• _REQUIREMENT_
Exact retyping of the data: please keep every word and drop each picture.

• _RECORDED INFORMATION_
****************

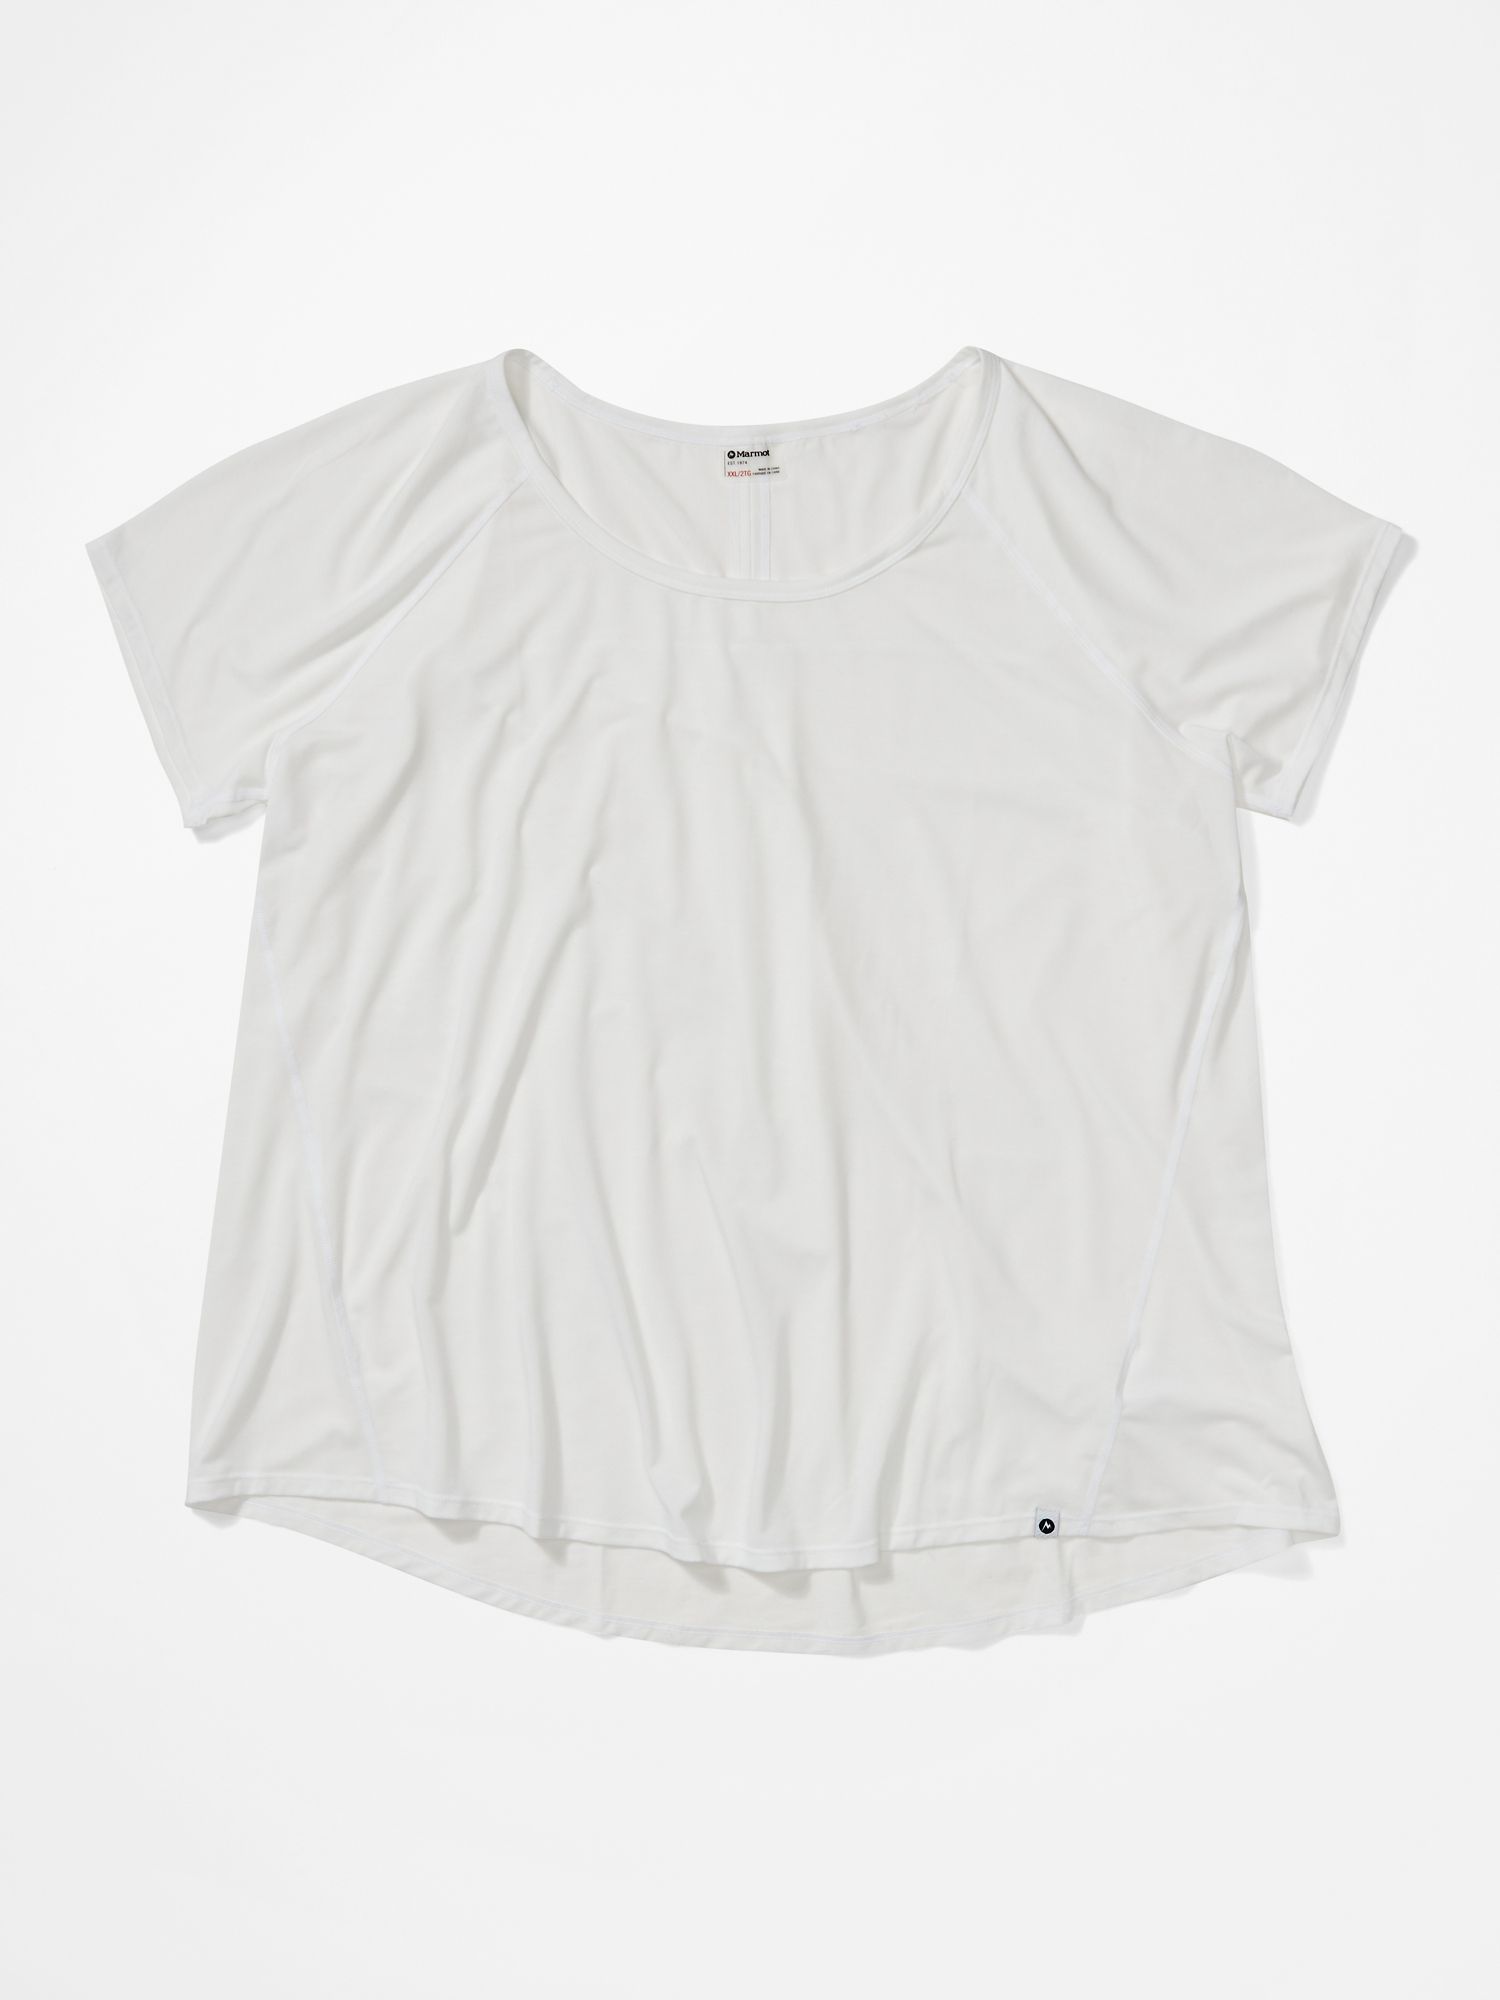 Women's Neaera Short-Sleeve Shirt Plus
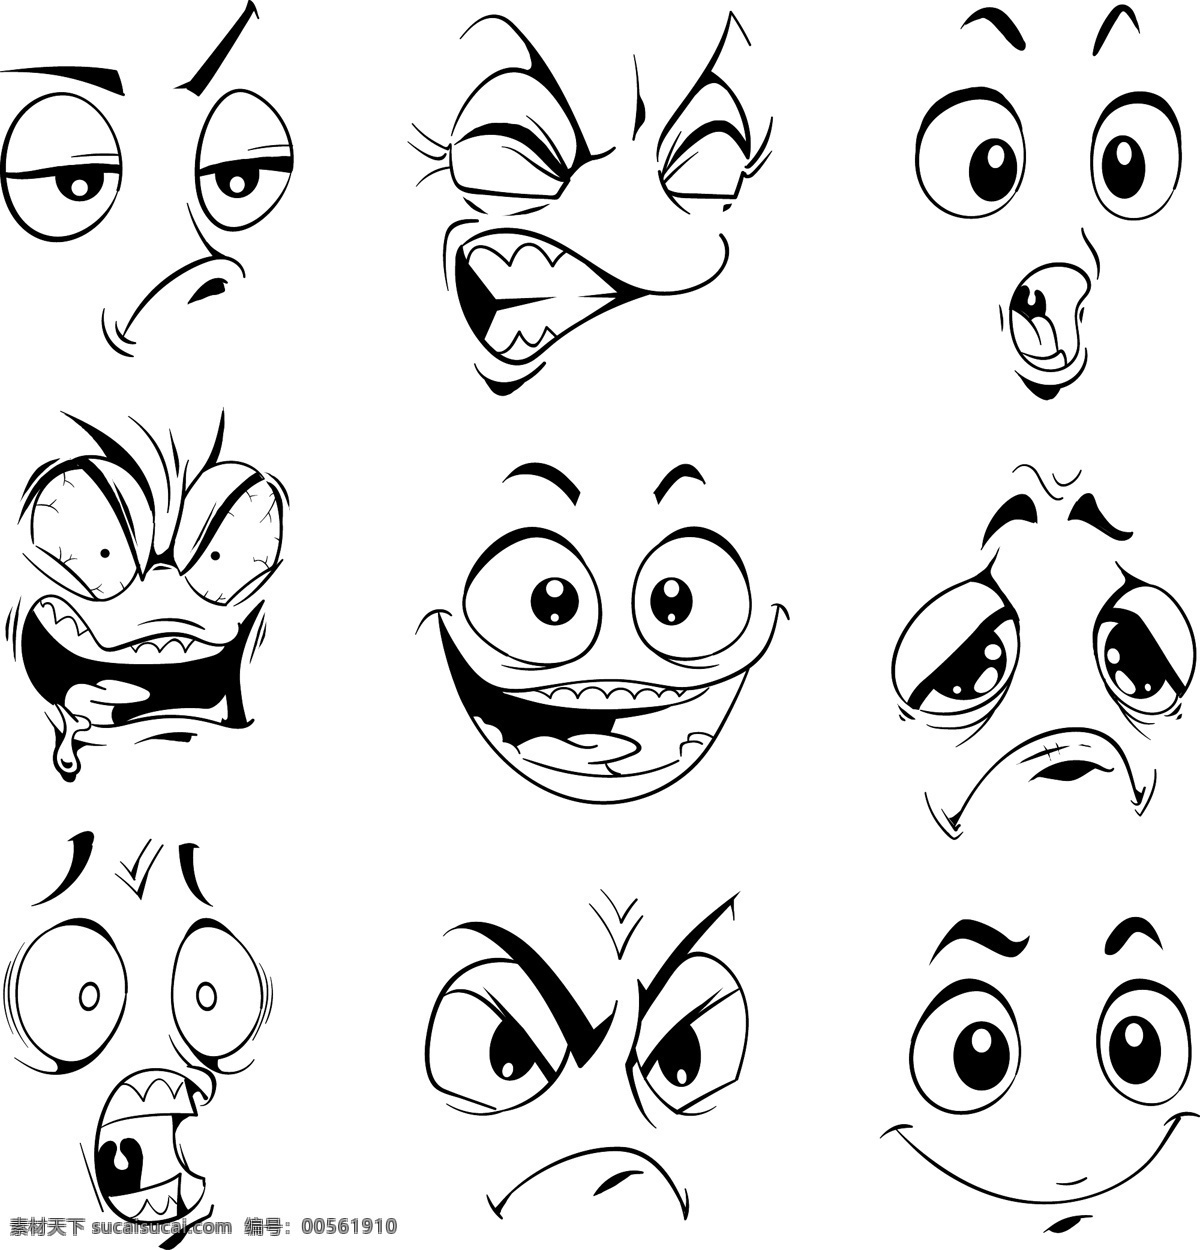 矢量表情 表情 各种表情 喜痛哀乐表情 简约表情 简洁表情
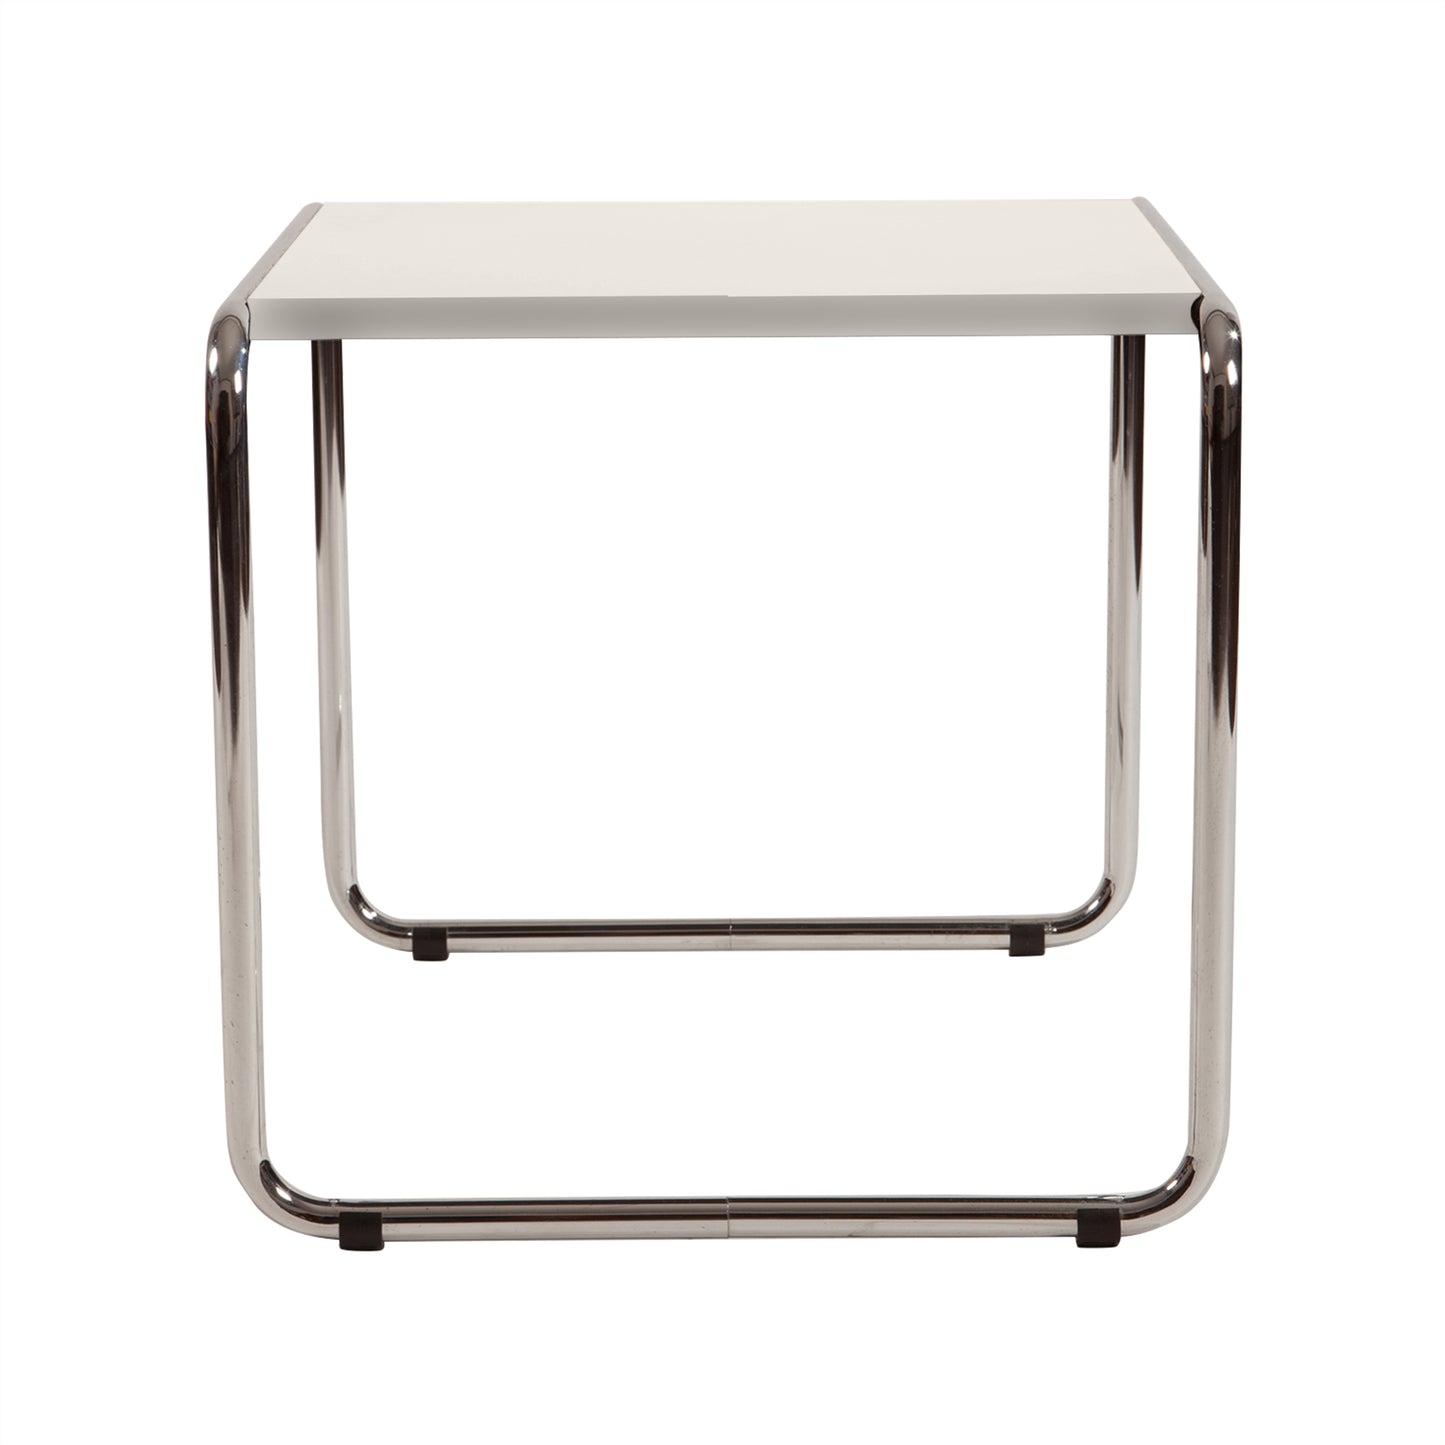 Laccio table style | White | Front

****************

• _WRITTEN REPLY_
 Women's Neaera Short-Sleeve Shirt Plus
 矢量表情 表情 各种表情 喜痛哀乐表情 简约表情 简洁表情
 Laccio table style | White | Front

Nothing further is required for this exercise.